The next chapter is dedicated to chromatographic protein purification. In this chapter three different processes are explained: batch, membrane and chromatography configurations. The whole design process of stem cell manufacturing is outlined in chapter 11, which focuses on scale-up problems and the setup of a biomechatronic conceptual design. Bio-artificial organ-simulating devices is the topic of chapter 12 and mimics a living human or animal organ by recreating its essential functions. These devices can be used for the testing of new pharmaceuticals in vitro. In contrast to bioreactor systems described in earlier chapters, this is a far more advanced technology and its needs and specifications are more diverse. The authors conclude that for such a specific device the formulation of a clear mission is most important during the design process and outline the strategy. While this chapter is fairly short it is well written and points out the direction of research in terms of drug testing method development.
The book finishes with a chapter on process analytical technology (PAT) and quality-by-design (QbD) approaches. In this very interesting section of the book, the authors describe the different perspectives for an appropriate PAT process such as interscientific understanding and knowledge management (see also ). QbD and PAT approaches are synthesized into the conceptual design methodology (e.g. Hubka-Eder mapping).
Biomechatronic Design in Biotechnology effectively presents the methodology and the necessary tools for a design process in biotechnology
This book effectively presents the methodology and most of the necessary tools for a design process in biotechnology. I thus recommend this book to students who want to learn the fundamentals and basic applications of a product design process quickly. It is also a good read for professors, researchers and professionals from both engineering and biology in order to get helpful input for their own device or method developments. In conclusion, this book is a must-read for all modern bio-scientists and engineers working in the field of biotechnology.

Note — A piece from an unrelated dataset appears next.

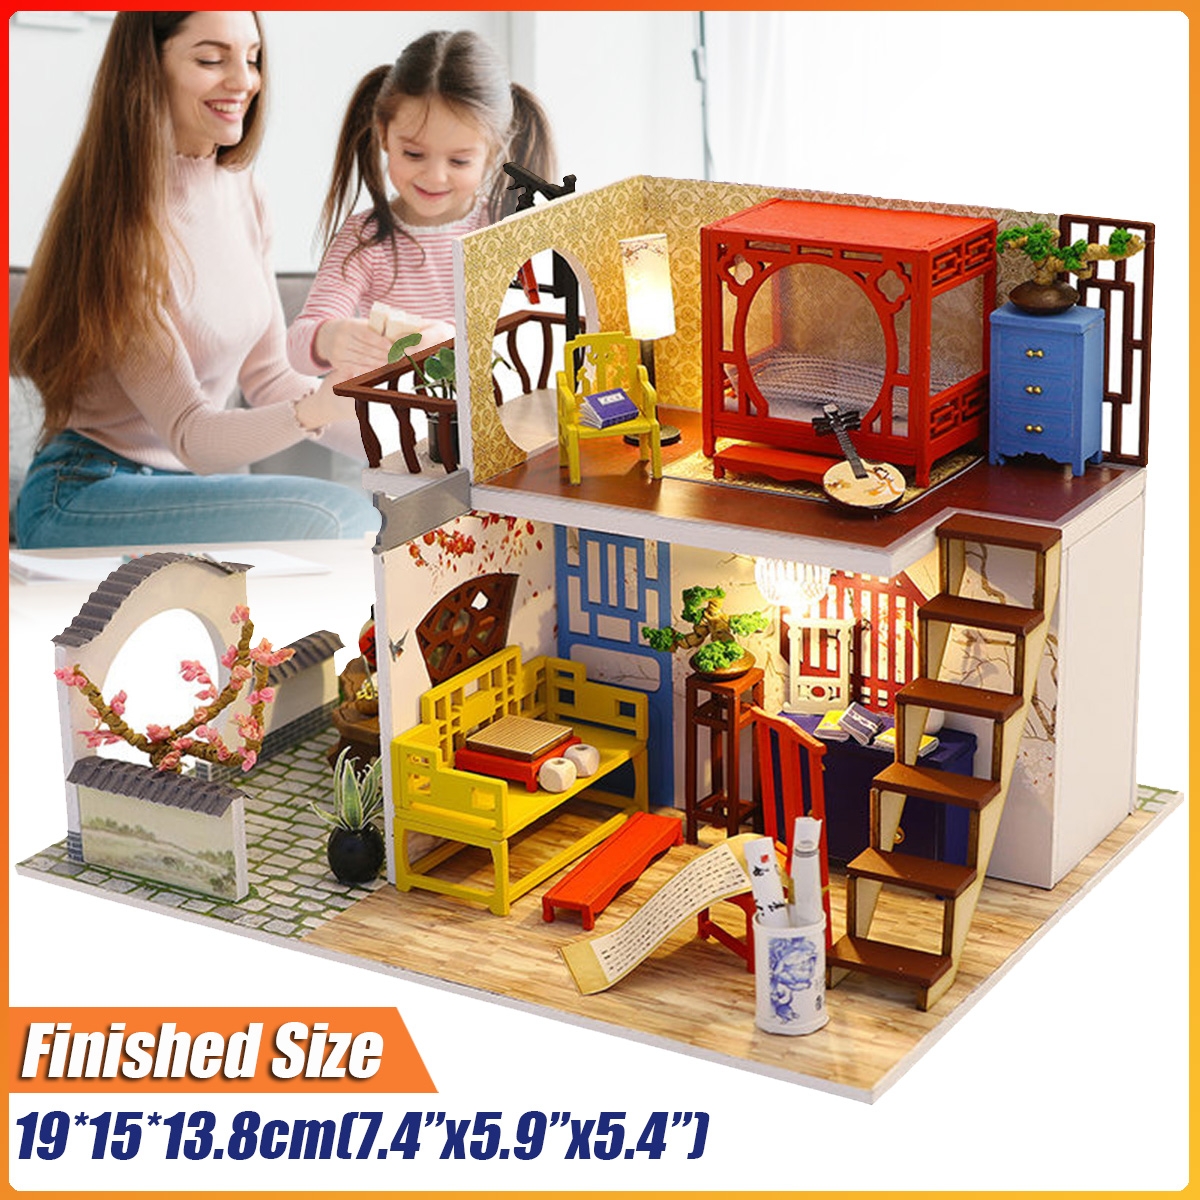 1:24 Wooden DIY Handmade Assemble Doll House Miniature Furniture Kit Education Toy with LED Light for Kids Gift

Dresden University of Technology, Bioprocess Engineering, Dresden, Germany
About the authors
Professor Carl-Fredrik Mandenius (left) is head of the Division of Biotechnology at Linkoping University in Sweden. His main research interests include biochemical and bio-production engineering, bioprocess monitoring and control, stem cell technology, and biosensor technology. He was a director for process R&D at Pharmacia AB and has coordinated several EU networks on human embryonic stem cell-derived models for drug testing.

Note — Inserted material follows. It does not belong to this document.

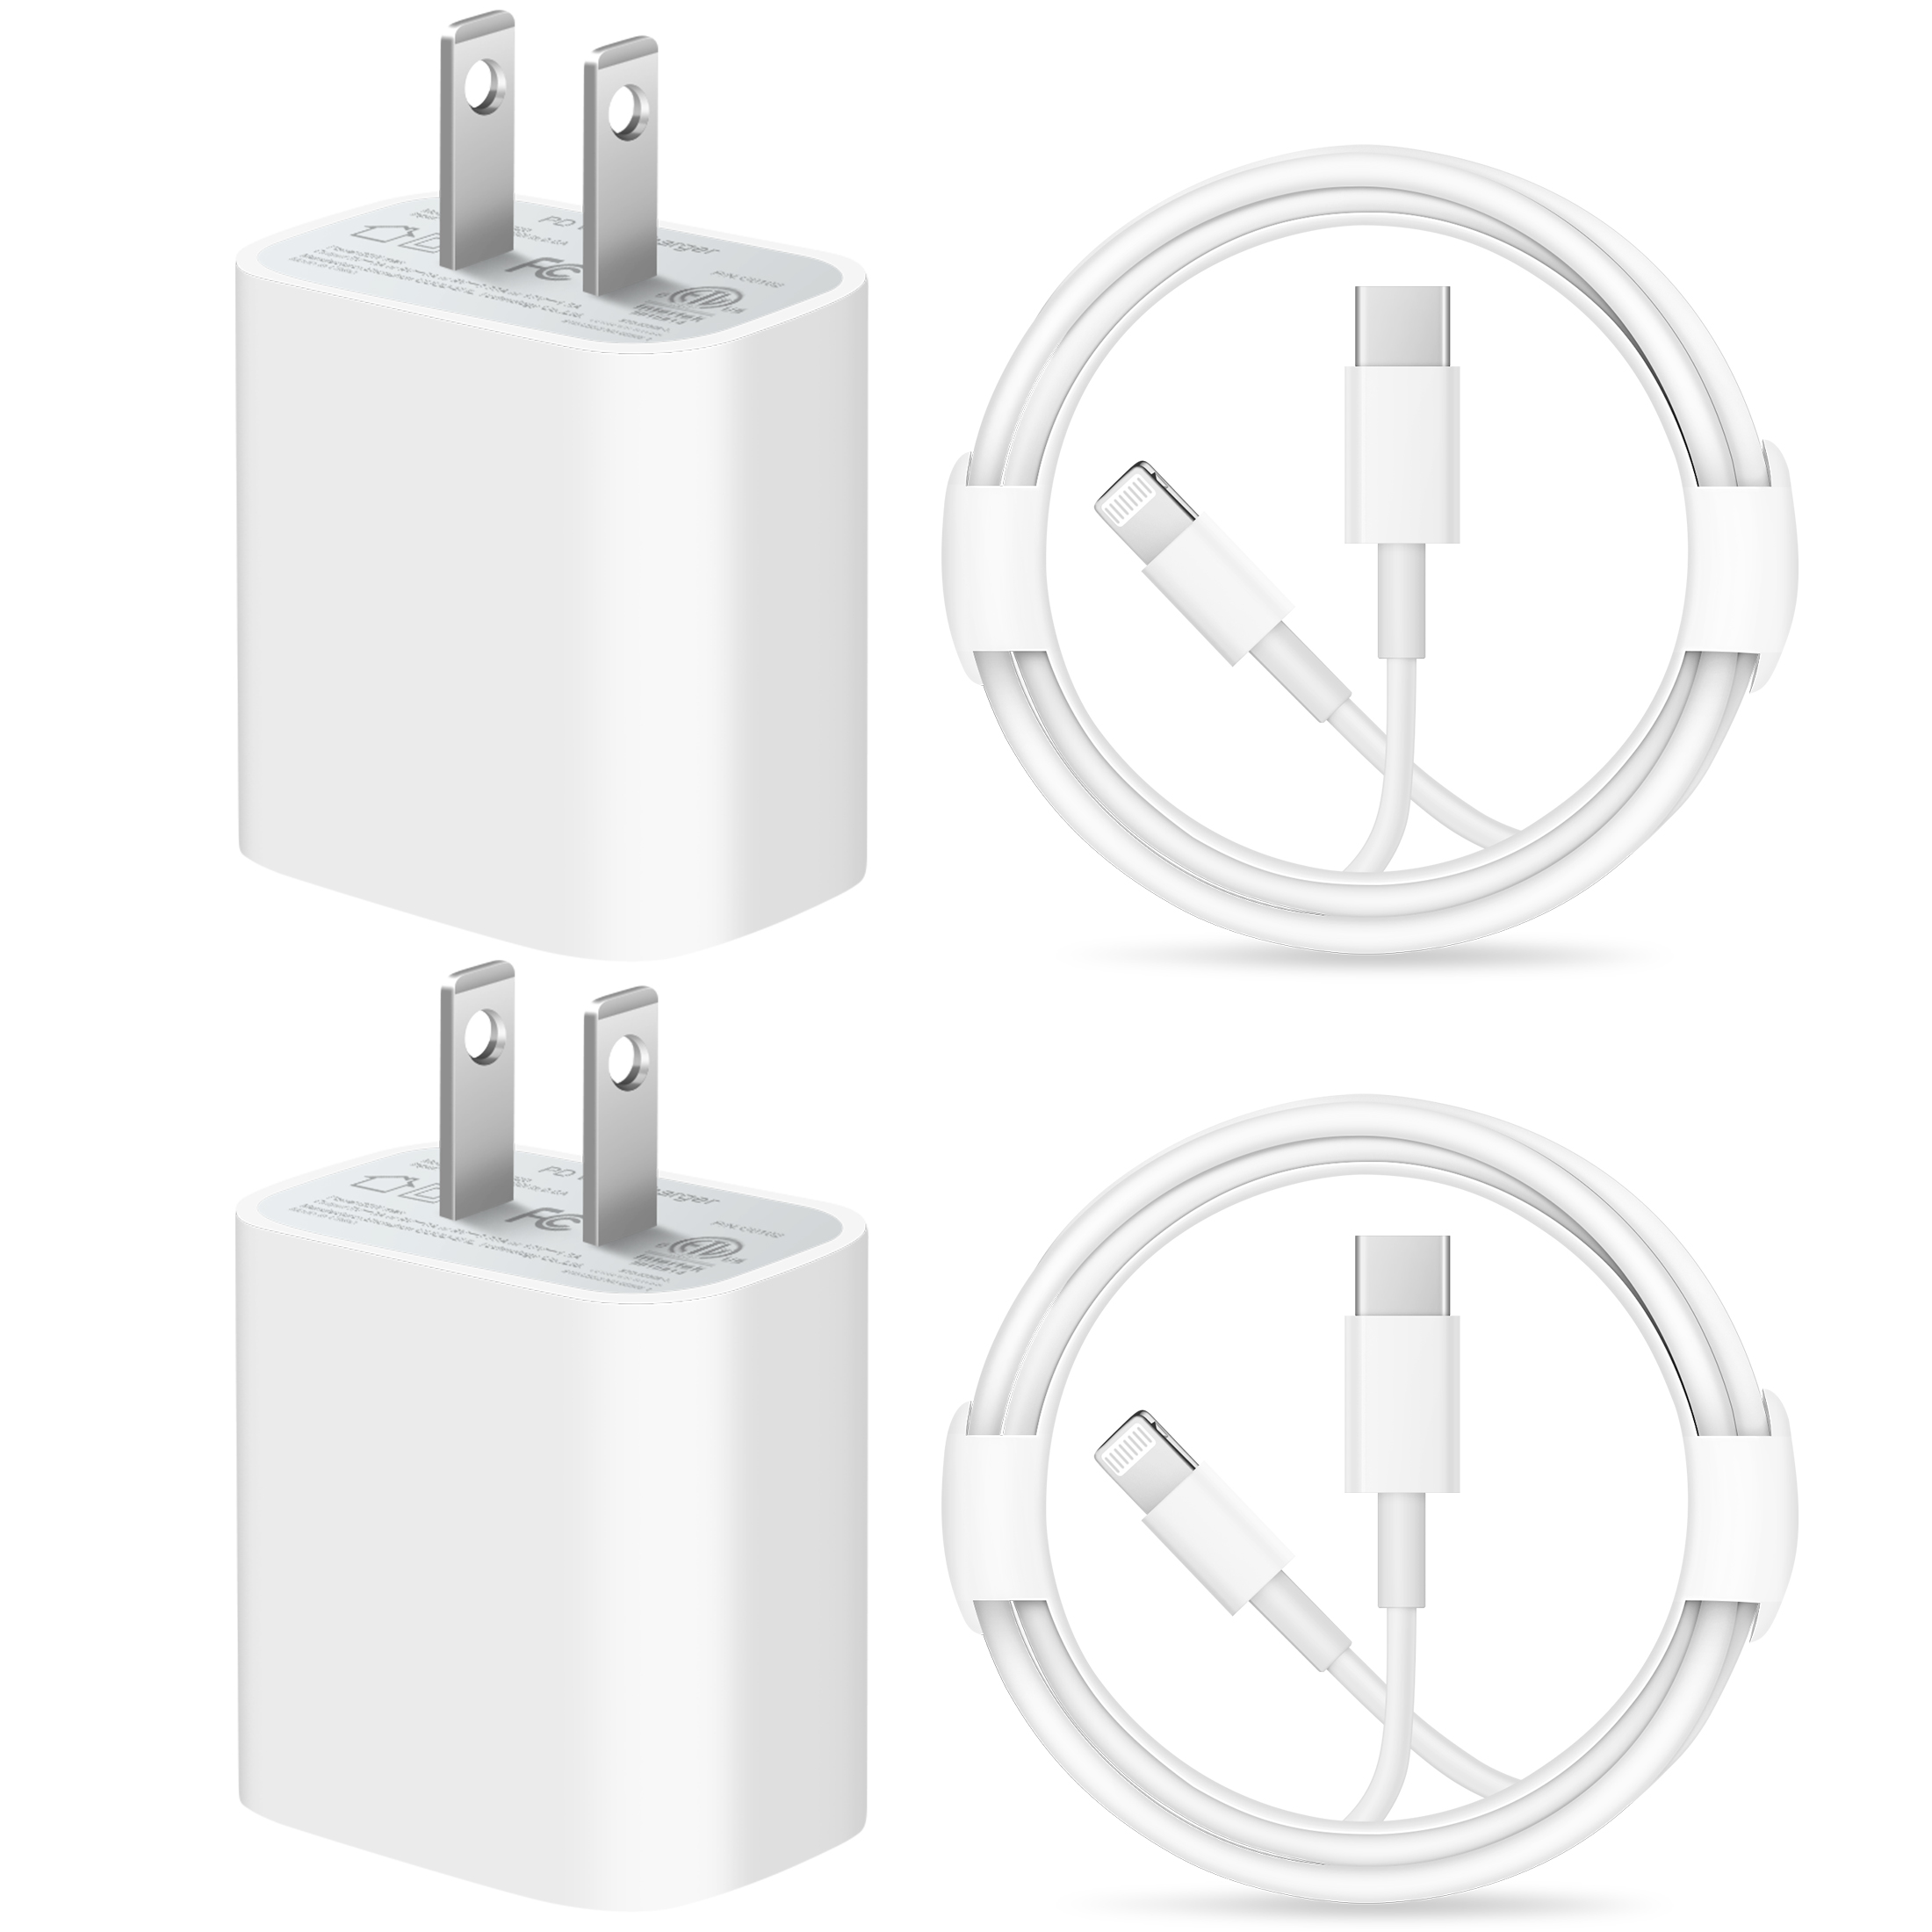 iPhone 14 13 12 11 Super Fast Charger-Apple MFi Certified-High Speed iPhone Charger-6FT Wall Charger-2-Pack 20W PD USB C Compatible with iPhone 14/14Pro/13/13 Pro/12/12Pro/XS/Max/XR/X/8/8 Plus - image 1 of 8

Professor Mats Björkman (right) is head of the Division of Assembly Technology at Linkoping University in Sweden. His main research interests include design and operation of flexible manufacturing systems and equipment. He has also been involved in research that has developed from traditional mechanical industries to include areas such as electronic manufacturing and manufacturing of biotech equipment, as well as pharmaceutical products.